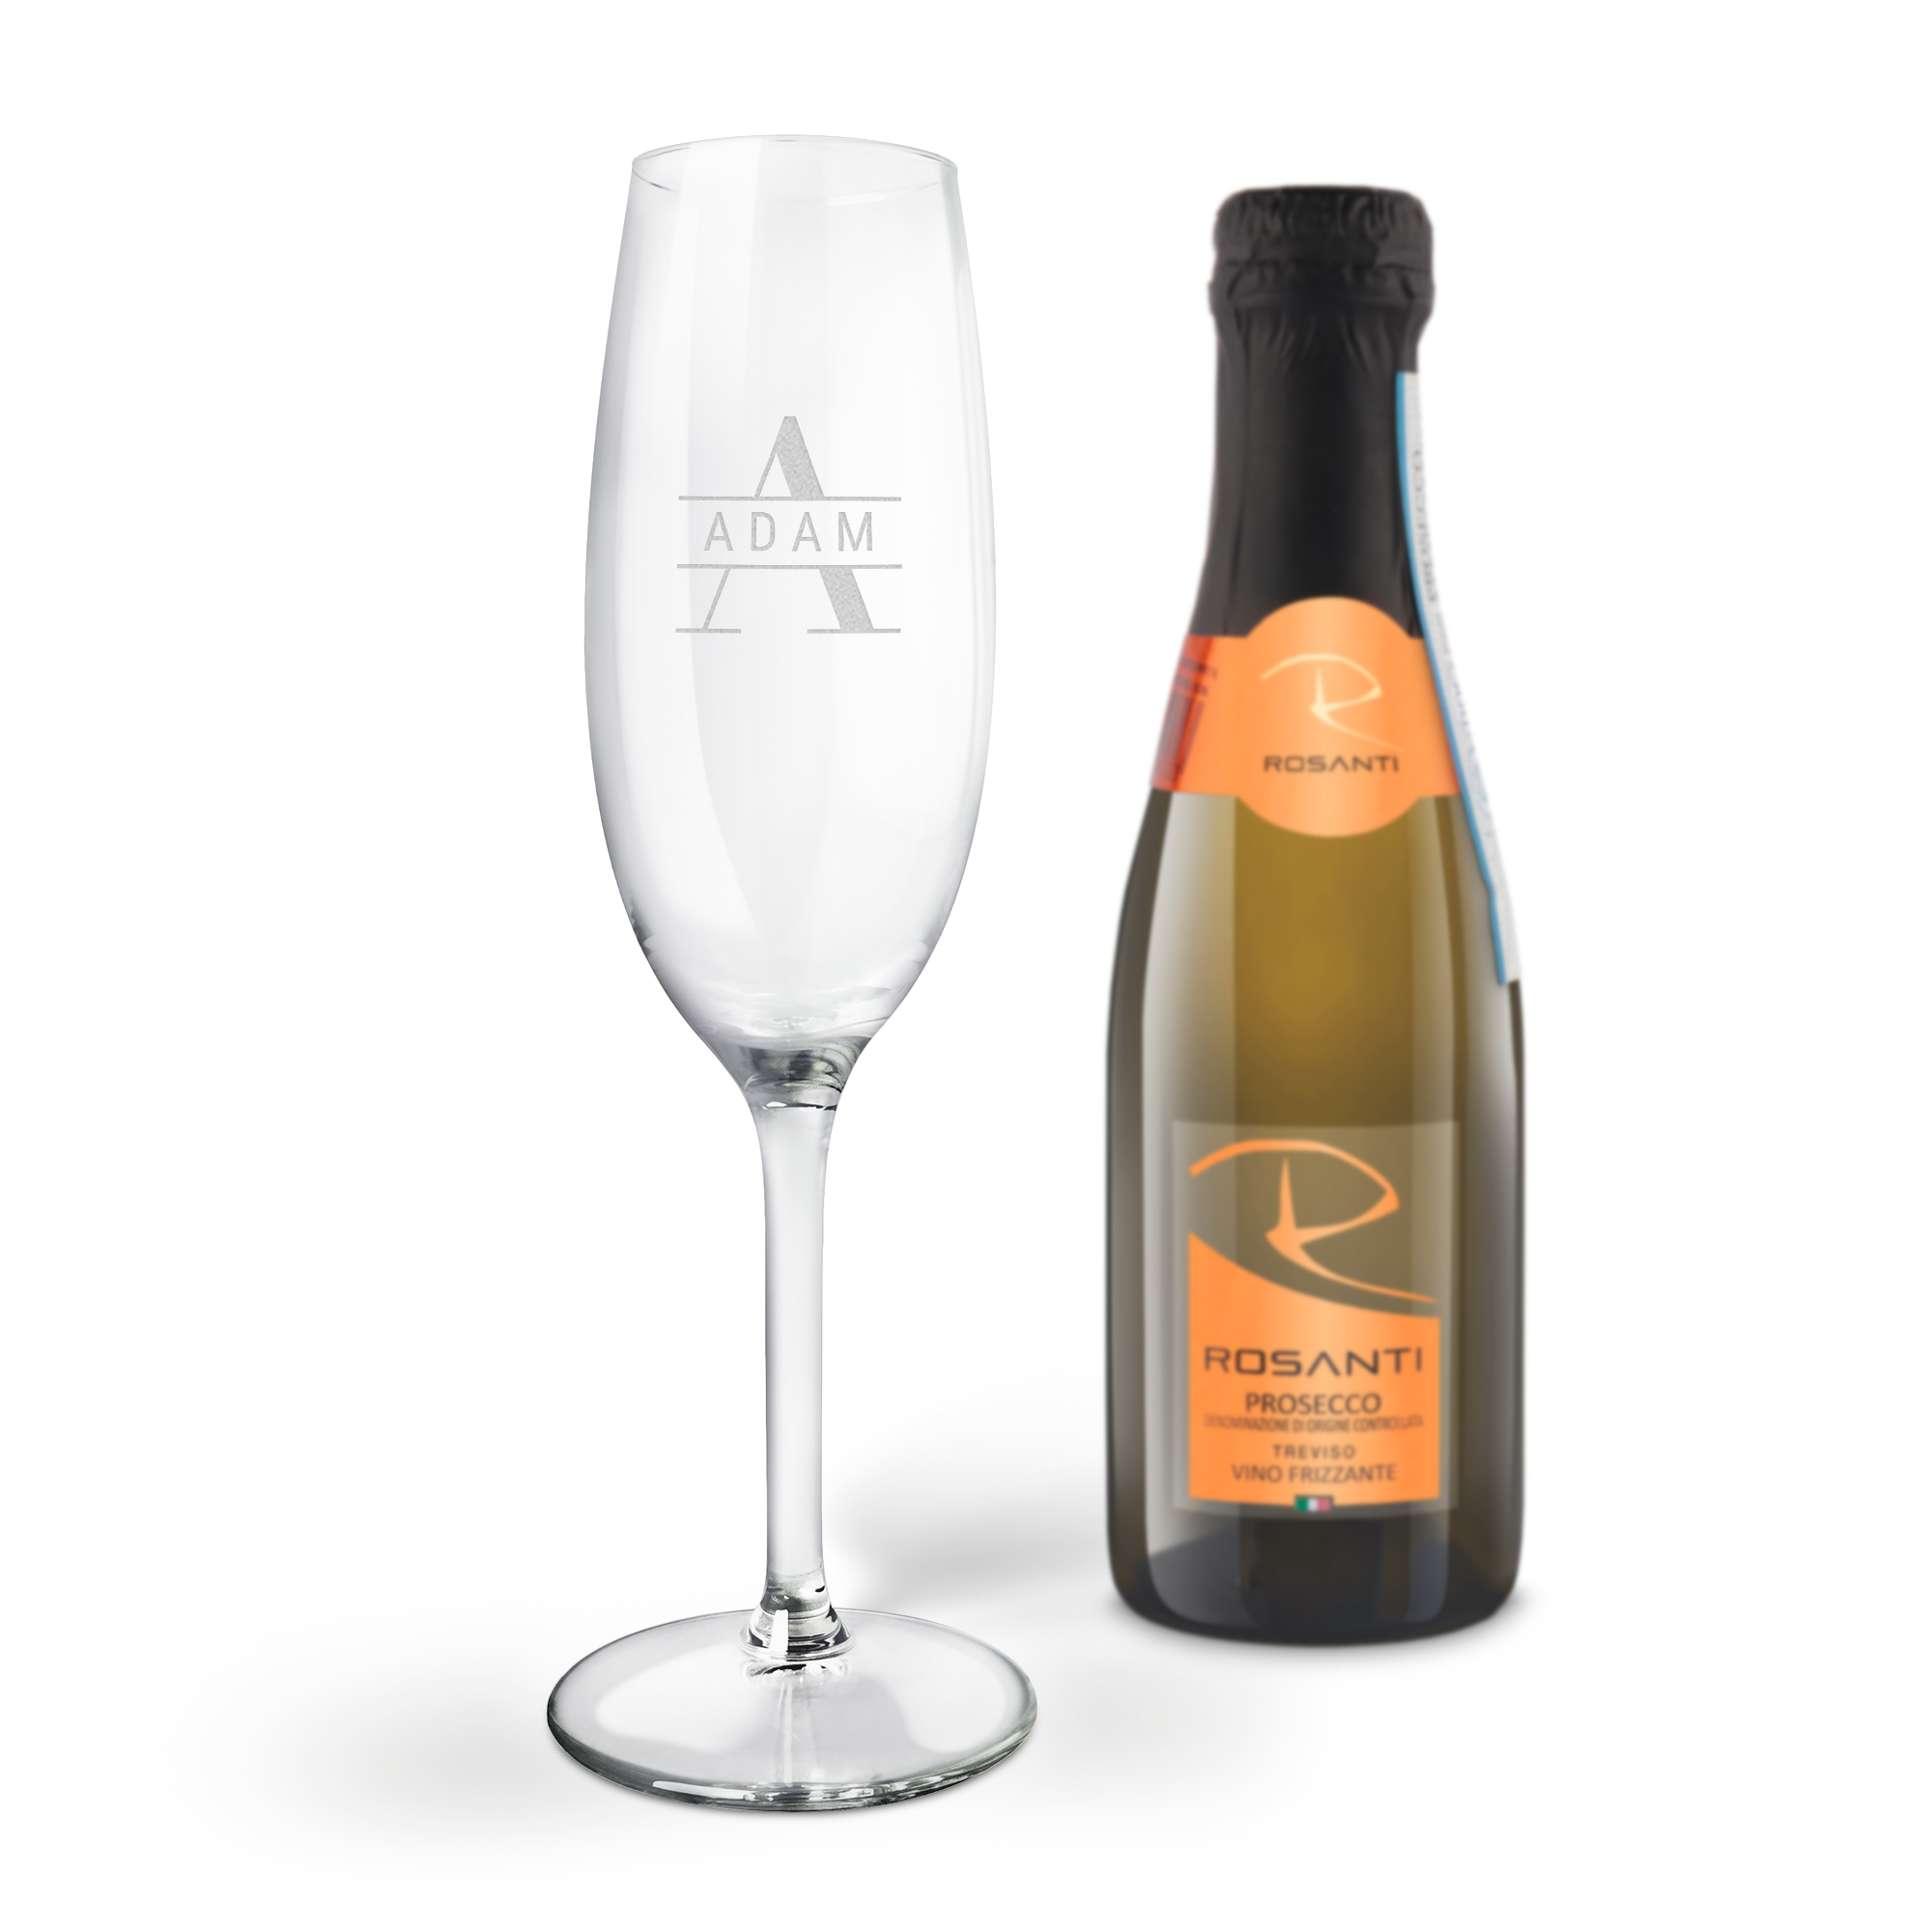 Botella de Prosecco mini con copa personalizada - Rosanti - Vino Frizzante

* * *

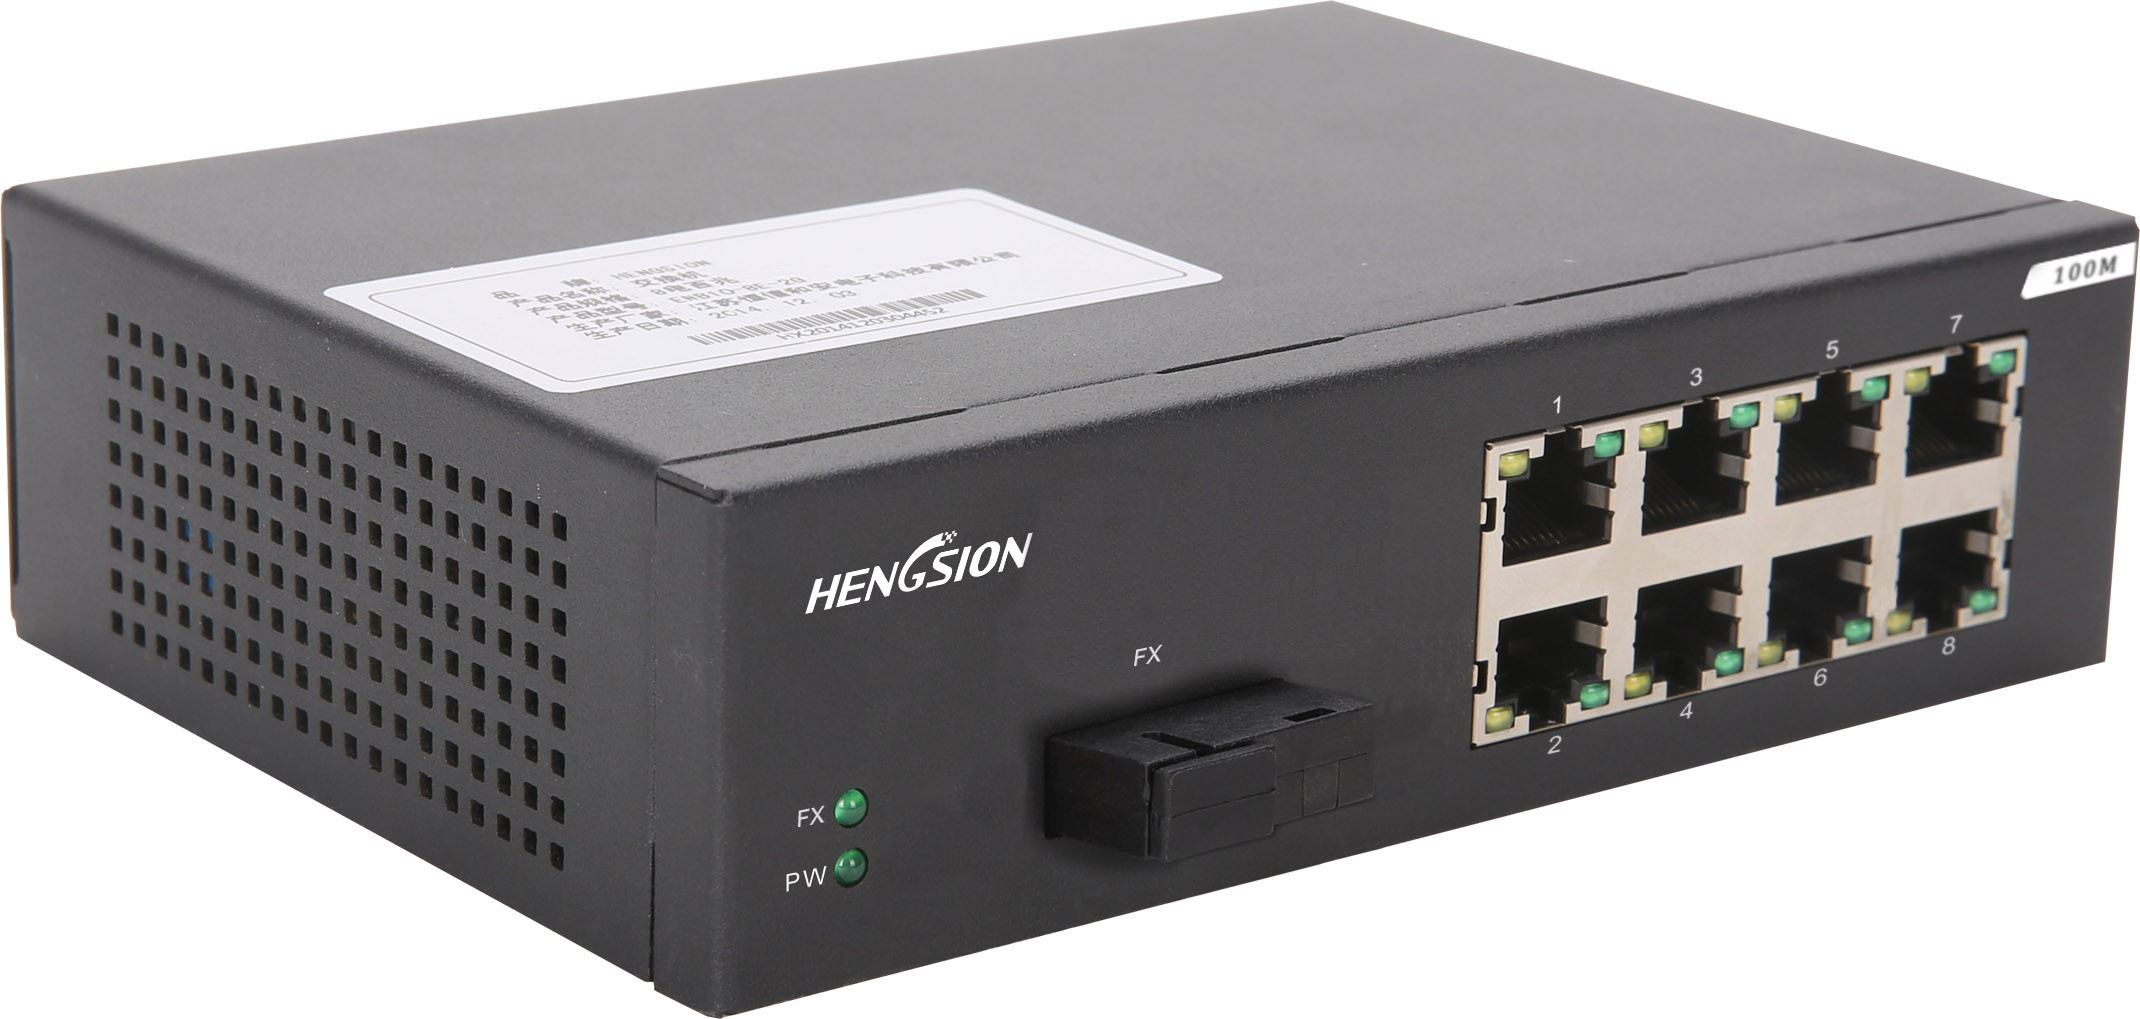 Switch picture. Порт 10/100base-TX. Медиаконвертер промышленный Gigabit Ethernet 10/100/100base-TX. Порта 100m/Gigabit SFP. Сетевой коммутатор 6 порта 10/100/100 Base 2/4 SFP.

* * *

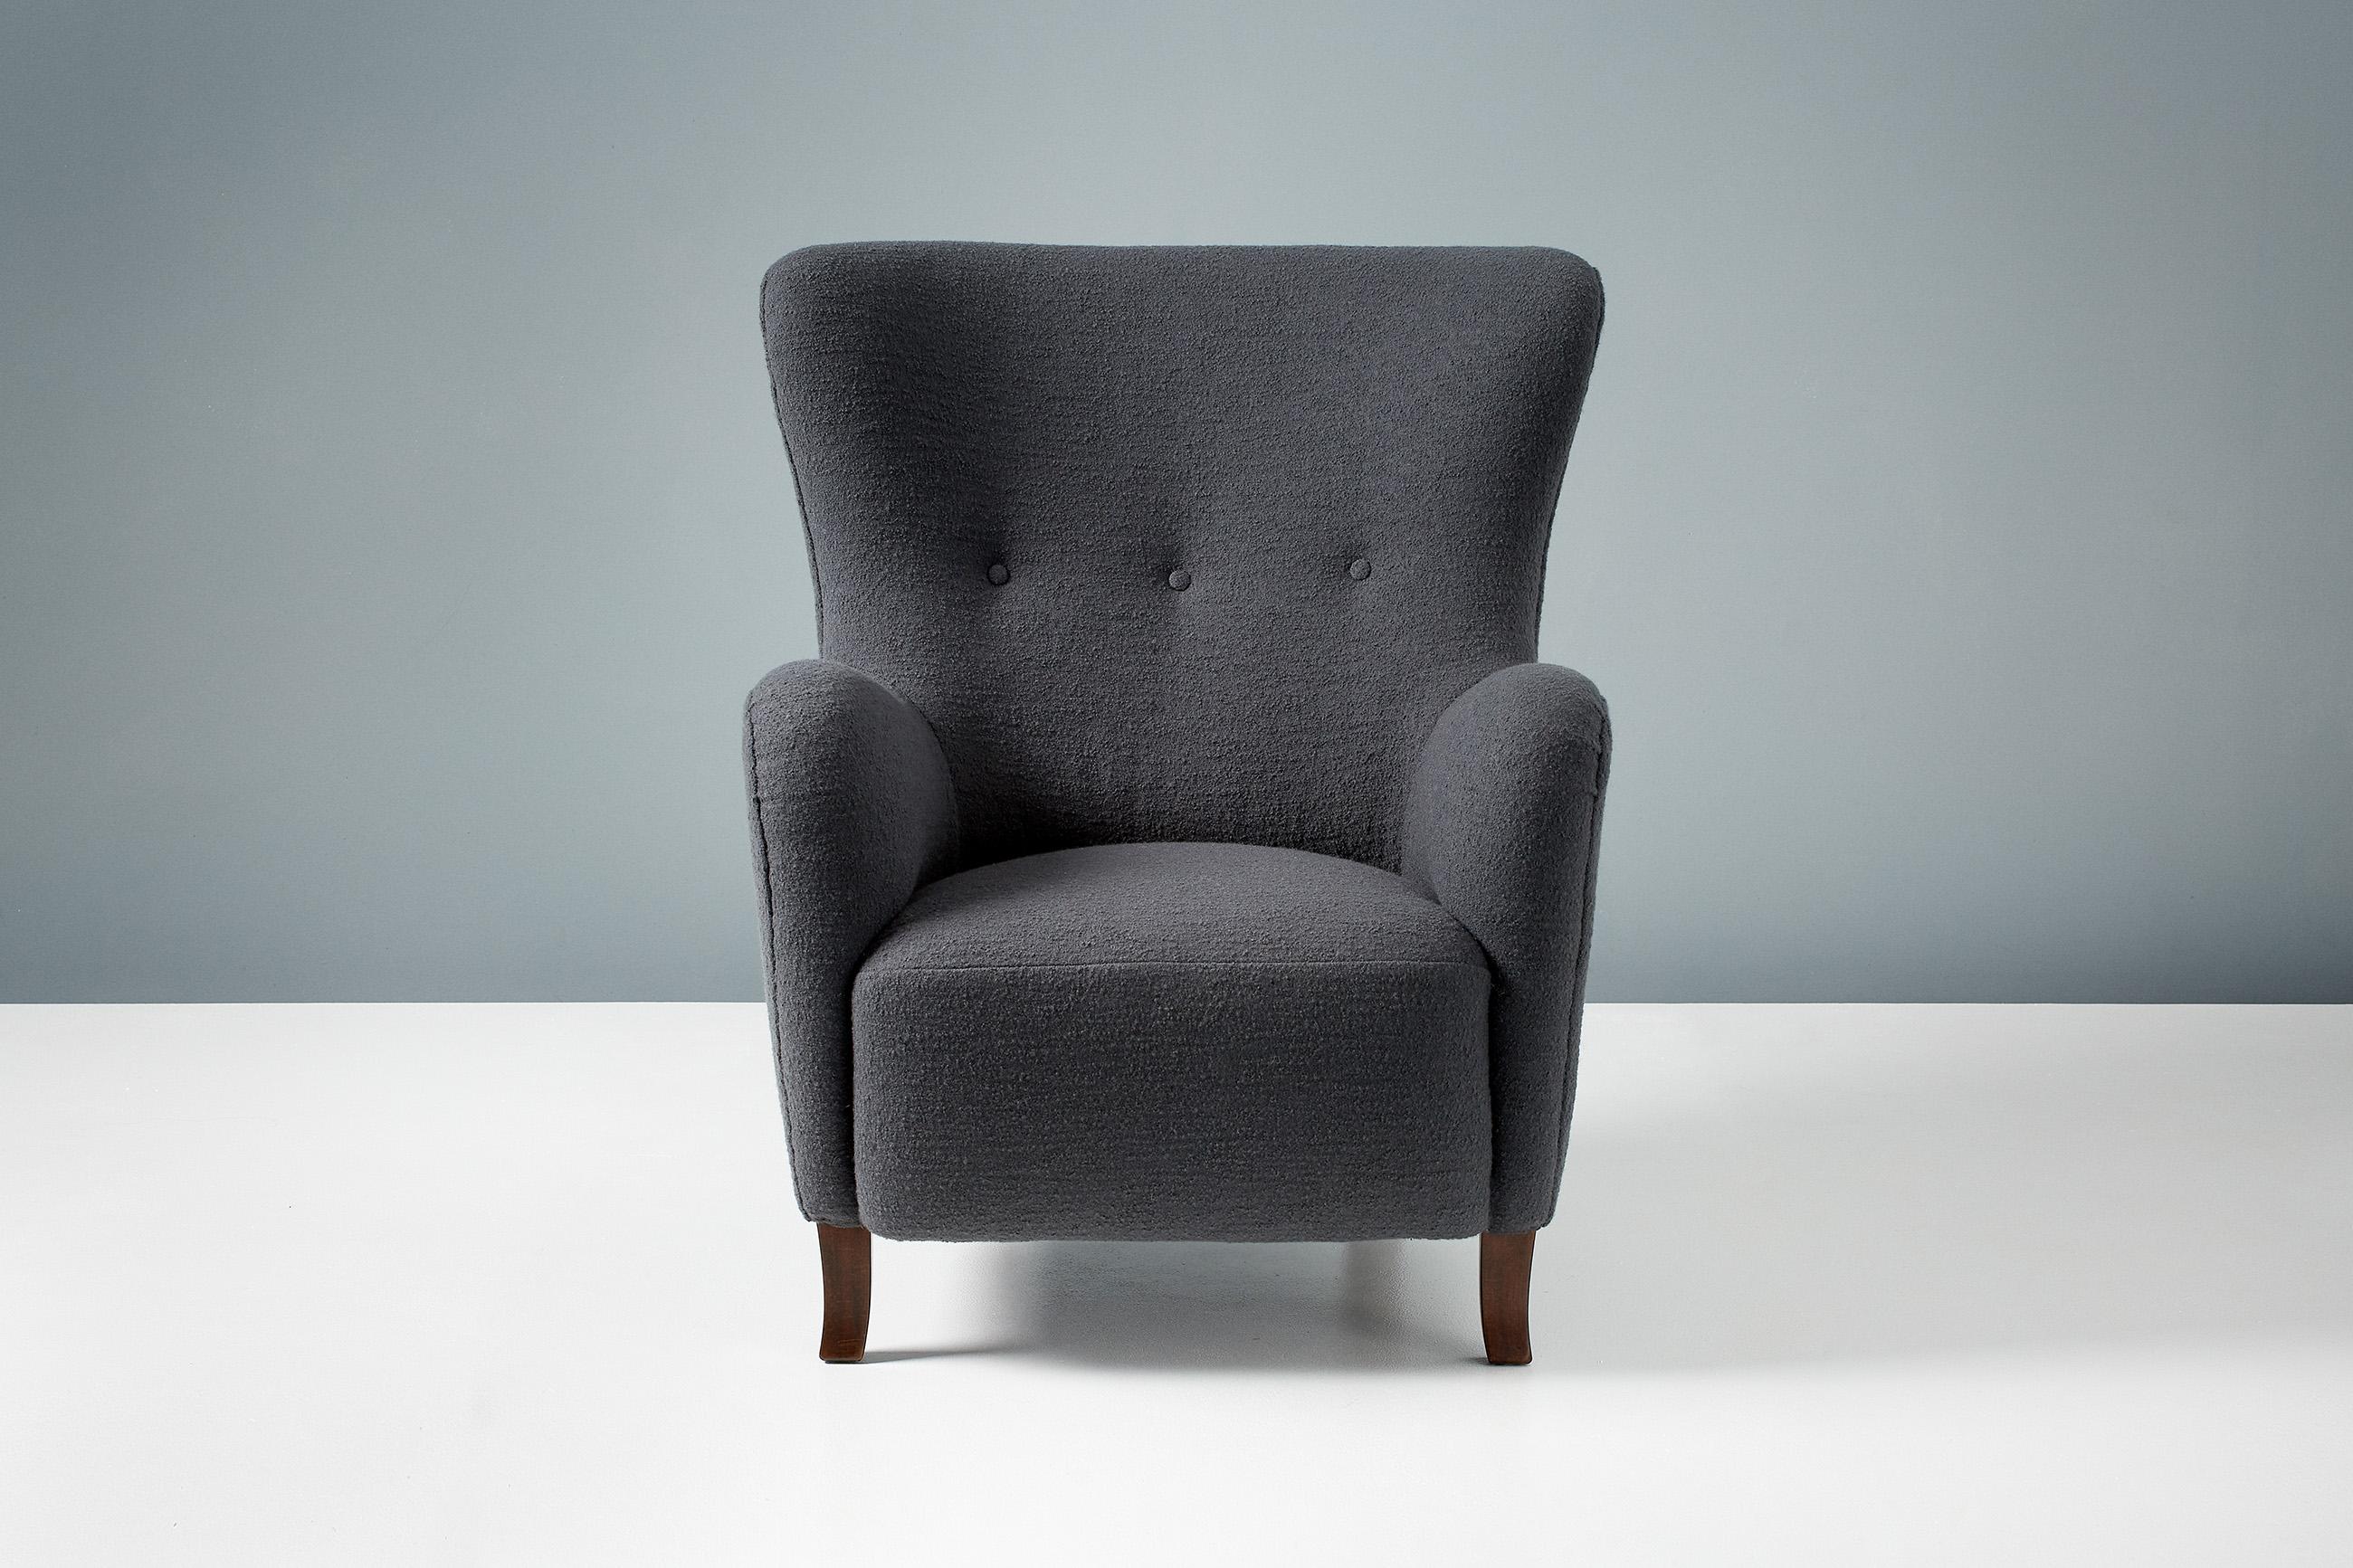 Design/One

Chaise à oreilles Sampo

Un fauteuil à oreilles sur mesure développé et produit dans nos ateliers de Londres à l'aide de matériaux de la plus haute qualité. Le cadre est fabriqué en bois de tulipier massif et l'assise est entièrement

* * *

§ **Activity**
Look over the listing and return each line that holds "oreilles".

§ **Answer box**
Chaise à oreilles Sampo
Un fauteuil à oreilles sur mesure développé et produit dans nos ateliers de Londres à l'aide de matériaux de la plus haute qualité. Le cadre est fabriqué en bois de tulipier massif et l'assise est entièrement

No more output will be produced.